Scientists Create Material That Makes Salty Water Safe To Drink

A new innovation that can convert salty seawater into safe, clean drinking water has the potential to transform millions of lives across the globe.

Australian researchers and scientists are using metal-organic framework compounds (or MOFs) together with sunlight to purify water in just half an hour, using a process that’s more efficient than existing techniques.

It’s cheap, it’s stable, it’s reusable, and it produces water that meets the World Health Organisation (WHO) standards for desalination. Around 139.5 litres (nearly 37 gallons) of clean water can be produced per day from a kilogram (2.2 pounds) of MOF material, based on early testing.

After just four minutes of exposure to sunlight, the material releases all of the salt ions it’s soaked up from the water and is ready to be used again. The team behind the new process says it provides several upgrades over existing desalination methods.

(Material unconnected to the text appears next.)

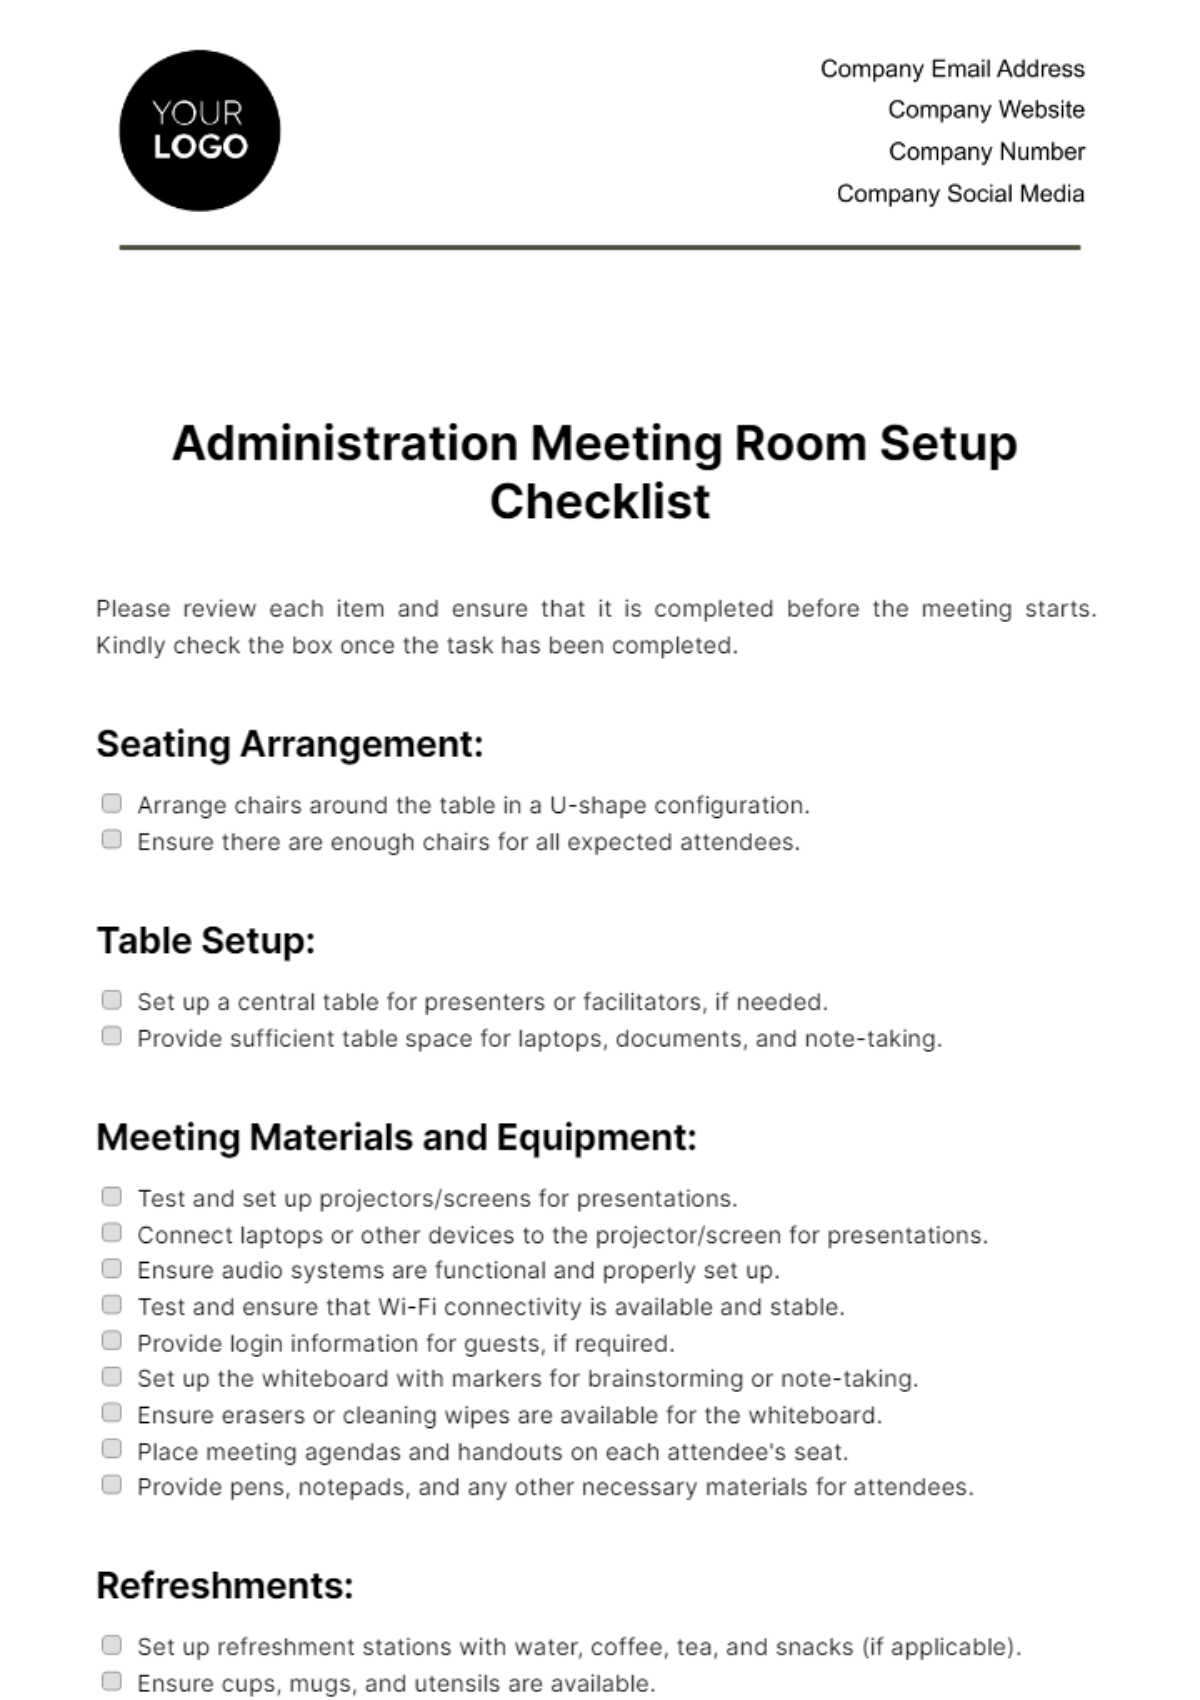 Free Administration Meeting Room Setup Checklist Template

Chemical engineer Huanting Wang from Monash University told Science Alert: “Thermal desalination processes by evaporation are energy-intensive, and other technologies, such as reverse osmosis, have a number of drawbacks, including high energy consumption and chemical usage in membrane cleaning and dechlorination.”

“Sunlight is the most abundant and renewable source of energy on Earth. Our development of a new adsorbent-based desalination process through the use of sunlight for regeneration provides an energy-efficient and environmentally-sustainable solution for desalination.”